Characterizing and Enhancing Energy Efficiency in Manycore Processors for Data Center Applications

Abstract

Power and energy have become primary design constraints for modern processors. Power no longer scales with transistor channel length, causing power density to increase. Continued transistor scaling will require prohibitively expensive cooling technologies. This is particularly an issue in data centers, where the cost of power and cooling has a major impact on the total cost of ownership. Data centers have grown and expanded rapidly due to the advent of cloud computing and interactive web services. The unabated migration of compute to data centers means future data centers will continue to require more compute which can be cooled in a cost-effective way. As a result, architects have looked to manycore processors due to their performance on parallel workloads and energy efficiency benefits. As opposed to conventional multicore data center processors which utilize a few large out-of-order cores optimized for instruction level parallelism, manycores utilize many smaller cores optimized for throughput. The sea of smaller cores work in parallel on a problem, each working on a smaller portion of the overall problem. As a result, each core can run slower, and the same amount of work can be completed in the same amount of time using less energy.

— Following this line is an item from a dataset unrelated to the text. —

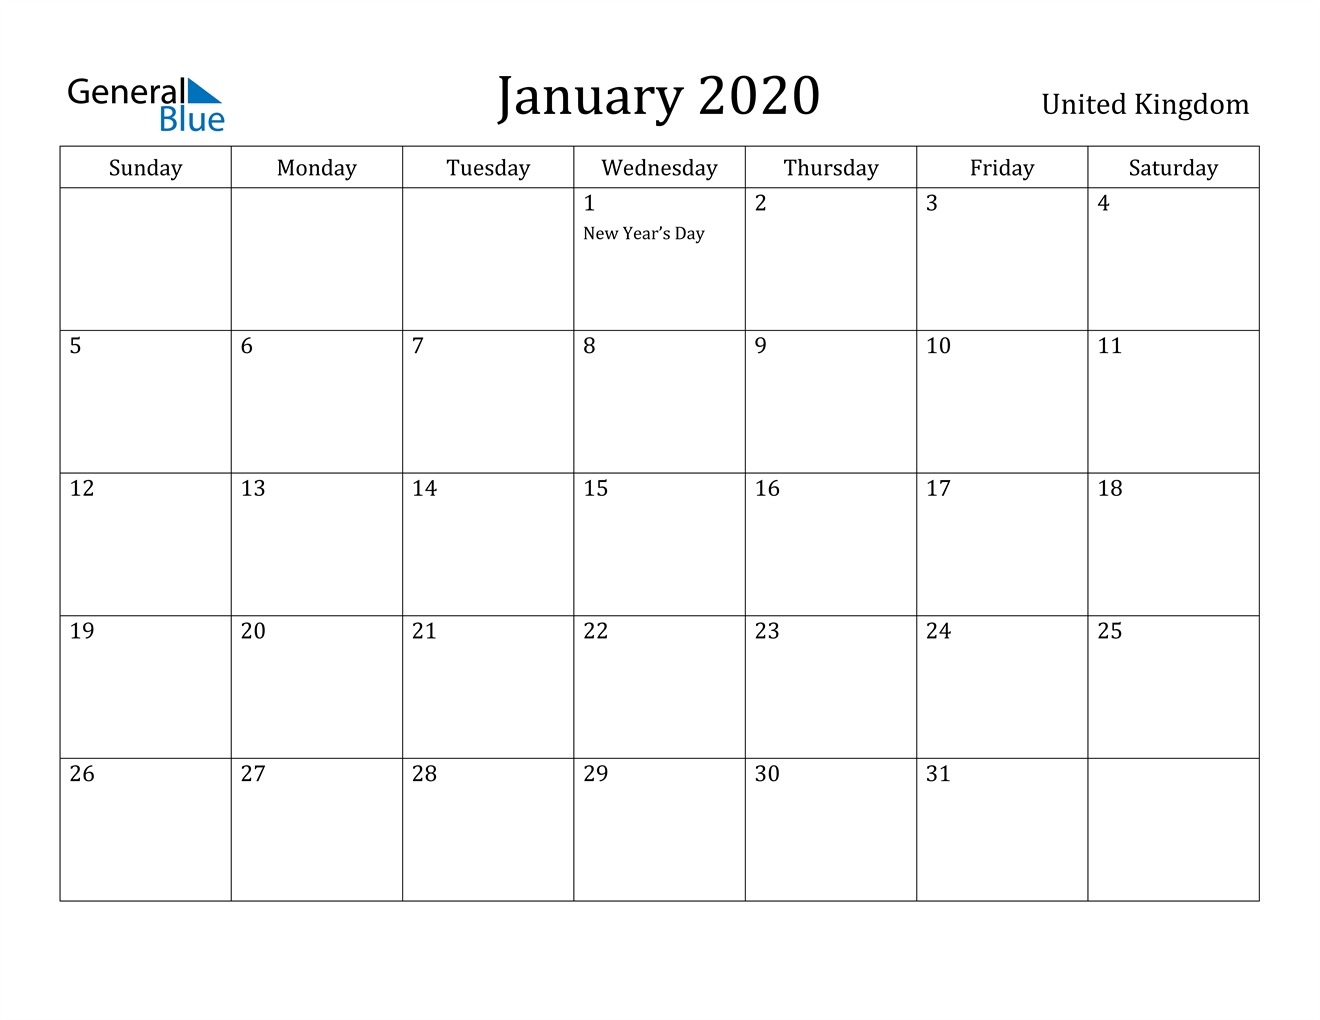 January 2020 Calendar - United Kingdom-2020 Uk Monthly Calendar Uk
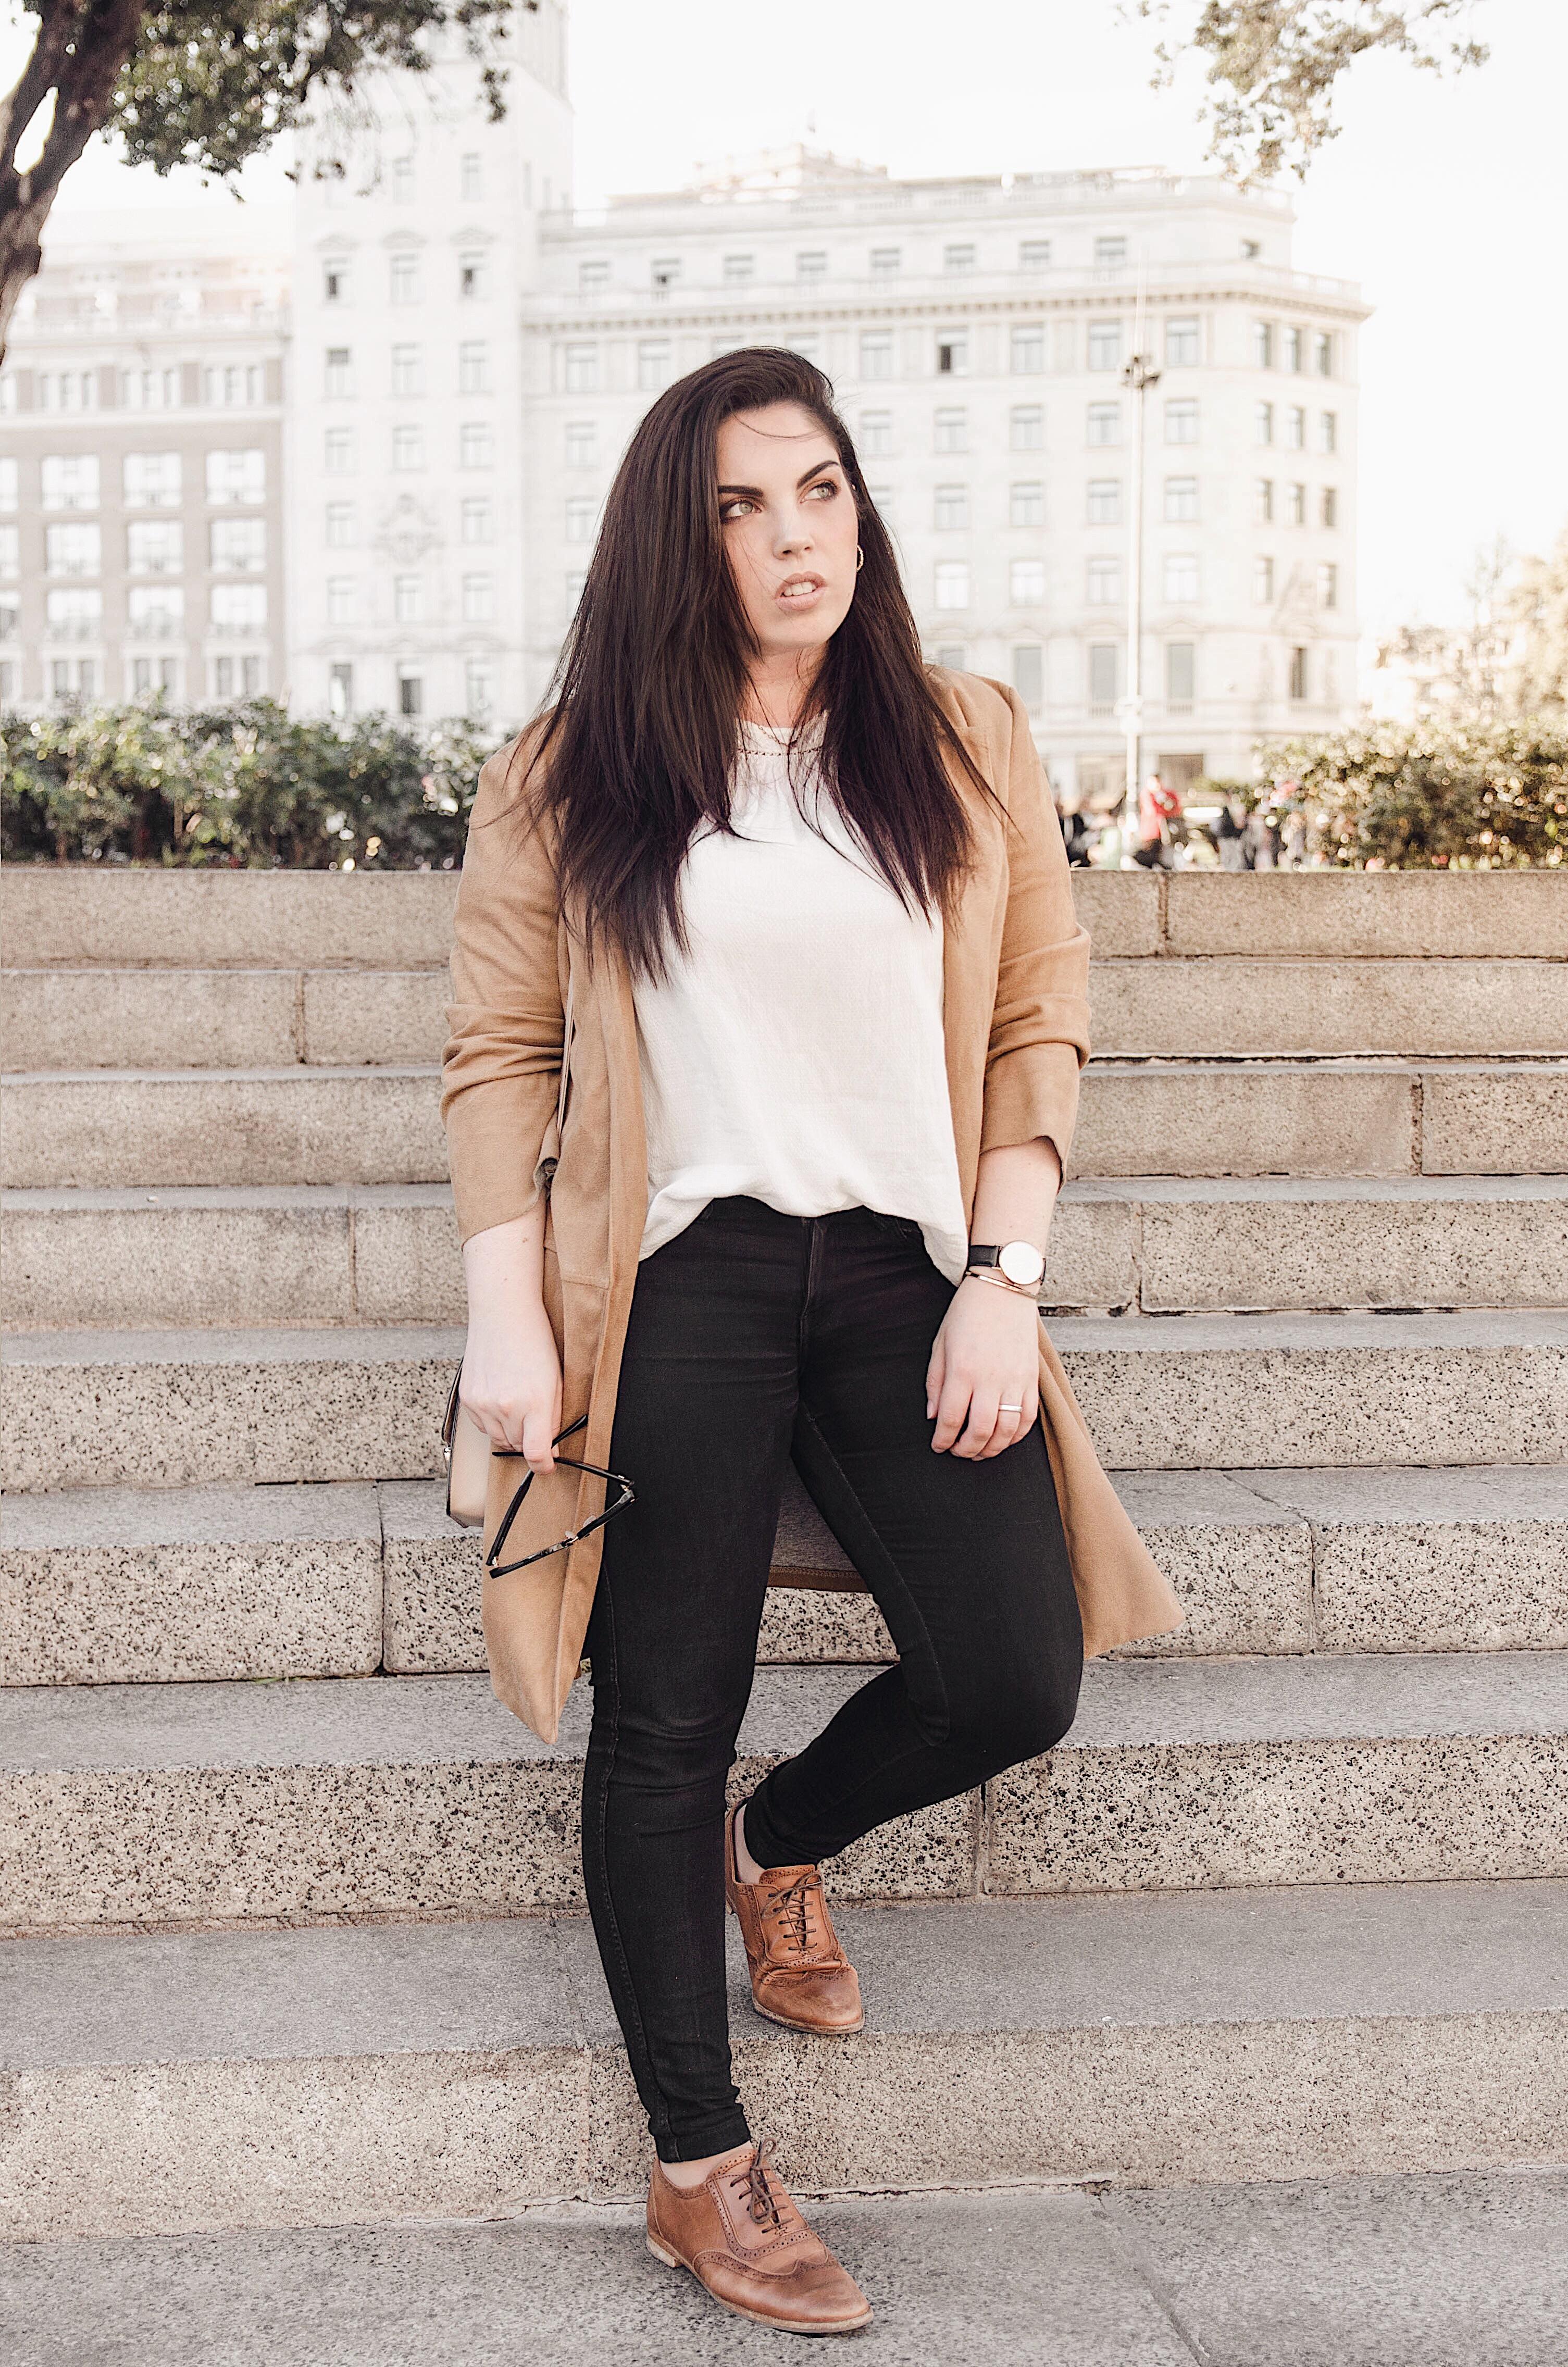 Como combinar un look marcando estilo con prendas básicas

The focus of this thesis is to understand the power and energy characteristics of manycore processors and improve their already superior energy efficiency. Execution Drafting (ExecD) is a microarchitectural mechanism that exploits commonality between identical or similar programs or threads in data centers to improve the energy efficiency of fine-grained multithreaded cores. When similar or identical threads are scheduled to the same core, a thread synchronization mechanism that attempts to synchronize the threads in time to the same instruction takes over the thread scheduling decision. Once synchronized, identical instructions from different threads are consecutively issued down the pipeline, leading to reduced activity factors on control signals and potentially data buses resulting in energy savings. Additionally, if the threads are synchronized and their code is identical, the fetch stage can be disabled for all but one of the threads, resulting in a single instruction, multiple thread-like execution with increased energy efficiency. ExecD is evaluated with a custom-built simulator and in hardware based on the implementation in the Princeton Piton processor. Piton is a manycore research processor designed at Princeton which implements a tile-based architecture with on-chip networks for communication. It utilizes multithreaded cores and a distributed cache-coherent memory system for throughput and implements ExecD for energy efficiency. Piton was taped-out on IBM's 32nm SOI process and is fully functional, booting full-stack Debian Linux. This thesis details a full power and energy characterization of Piton, exploring many aspects of the processor. All data collected and the full hardware platform are open-source, providing a research platform for manycore processors and contributing valuable data to the research community. The power and energy data enable accurate high-level power modeling and insight into future manycore power and energy research. This thesis provides understanding of manycore processors from a power and energy perspective and demonstrates a viable technique for improving the energy efficiency of manycore processors in hardware.